Снова наступило напряженное молчание. Фарадоль вскочил и принялся нервно расхаживать. Я вполне отдавал себе отчет, что с ним происходит, знал, о чем он хочет со мной говорить, и понимал — он потому лишь бормотал ничего не значащие фразы, что не мог выдавить из себя вопроса, который рано или поздно надлежало наконец решить. На миг я ощутил злорадное удовольствие от того, что он так мучается, но тут мне, и притом совершенно внезапно, сделалось его жаль. Было такое мгновение, когда я готов был броситься ему на шею и — почем знать! — заклиная давней нашей дружбой, уступить ему эту женщину или просить, чтобы он дал согласие на ее смерть. Но я тотчас опомнился — ведь это вообще ни к чему бы не привело. Напротив, я понял, что нельзя оттягивать решительный разговор.

— Ты только это и хотел мне сказать? — внезапно спросил я его.

Он остановился, видимо пораженный доброжелательностью моего тона, и испытующе взглянул на меня. Потом усмехнулся со странной печалью и провел ладонью по лбу. Я видел, что рука его дрожит, как в лихорадке.

— Да, правда, я еще хотел…

Он вдруг замолчал и посмотрел на Марту. Поколебался еще мгновение, но наконец сдвинул брови и сухо, отрывисто спросил по-немецки, чтобы Марта не могла его понять:

— Что мы сделаем с этой женщиной?

Я ждал этих слов, и все равно они хватили меня, словно обухом по голове. Я стремительно затормозил машину — кровь ударила мне в голову и темной волной застлала глаза. Сердце отчаянно колотилось в груди, во рту я ощущал неприятную сухость. Решительный миг настал.

Я взглянул на Фарадоля. Он стоял передо мной, бледный, как мертвец, и пристально смотрел мне в глаза. Этого взгляда я не забуду до самой смерти! Было в нем смятение, и подлая, почти собачья мольба, и в то же время какая-то страшная угроза.

Не отвечая ни слова, я порывисто отстранил его и, сам не понимая еще, что делаю, подошел к Марте, сидевшей за каким-то шитьем. Он последовал за мной.

— Почему ты живешь, женщина? — неожиданно произнес я с немыслимо смешным, как мне кажется сейчас, трагизмом, хотя в ту минуту, бог свидетель, мне было вовсе не до смеха!

Марта удивленно посмотрела на нас, а потом, заливаясь багровым румянцем, проговорила медленно, слегка дрожащим голосом, словно оправдываясь:

— Я жду возвращения Томаса…

Меня охватила яростная злоба.

— Хватит этих дурацких басен! — крикнул я, вырывая у нее из рук шитье, над которым она склонилась.

Не знаю, что было бы дальше, но тут я кинул взгляд на этот кусок полотна: то была детская распашонка.

Я вдруг все понял.
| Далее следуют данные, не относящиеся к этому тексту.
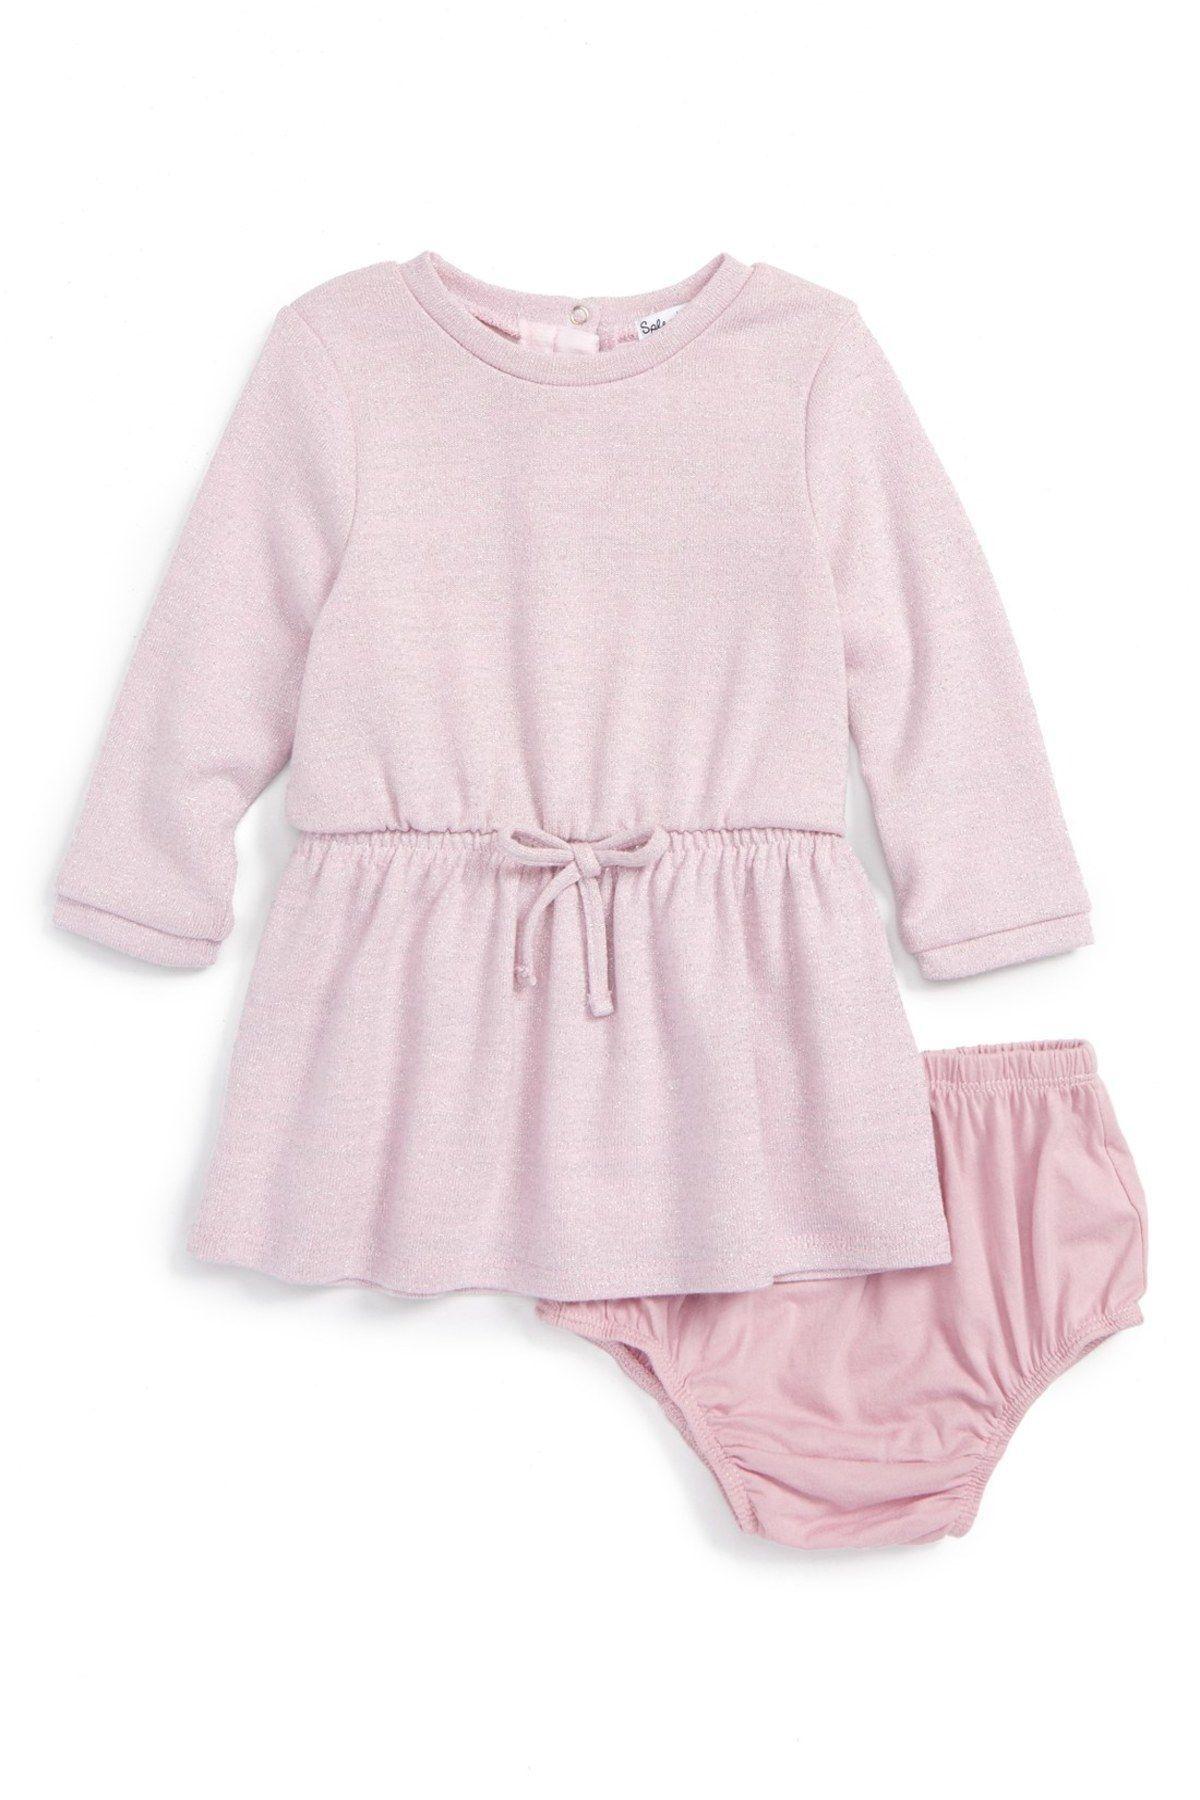 Knit sweater dress u bloomer set baby girls baby girl sweaters

Не в силах выговорить ни слова, я только протянул руку, показывая распашонку стоявшему сзади Педро. Он слегка вскрикнул и поспешно отошел к рулю.

Так вот почему она говорила умирающему Томасу с такой убежденностью: «Ты будешь жить!» Вот почему не последовала за ним!

Ведь, согласно верованиям ее народа, в ребенка, родившегося после смерти отца, переходит душа умершего. Значит, она ждет, что Томас вернется к ней в ребенке, духом облетев перед этим Землю, по которой он так тосковал, умирая? Видимо, она сообщила ему это «радостное известие» и то, что будет его вот так ждать, может быть, тогда, когда перед смертью говорила ему что-то по-малабарски.

Все это молнией промелькнуло в моем мозгу.

Я взглянул на нее: она теперь беззвучно плакала, укрыв лицо в этой маленькой рубашке, выкроенной из белья умершего.

И вдруг со мной случилось нечто странное. Я ощутил, словно что-то прорвалось в моем сердце, какой-то мучительный нарыв, и одновременно пелена спала с моих глаз. Марта показалась мне совсем иным существом. Я смотрел на нее с изумлением, будто впервые увидел. Это уже не была та женщина, за обладание которой минуту назад я почти готов был драться с моим другом и единственным сотоварищем в этом мире, — это была мать нового поколения, побеждающая смерть великой тайной жизни и любви.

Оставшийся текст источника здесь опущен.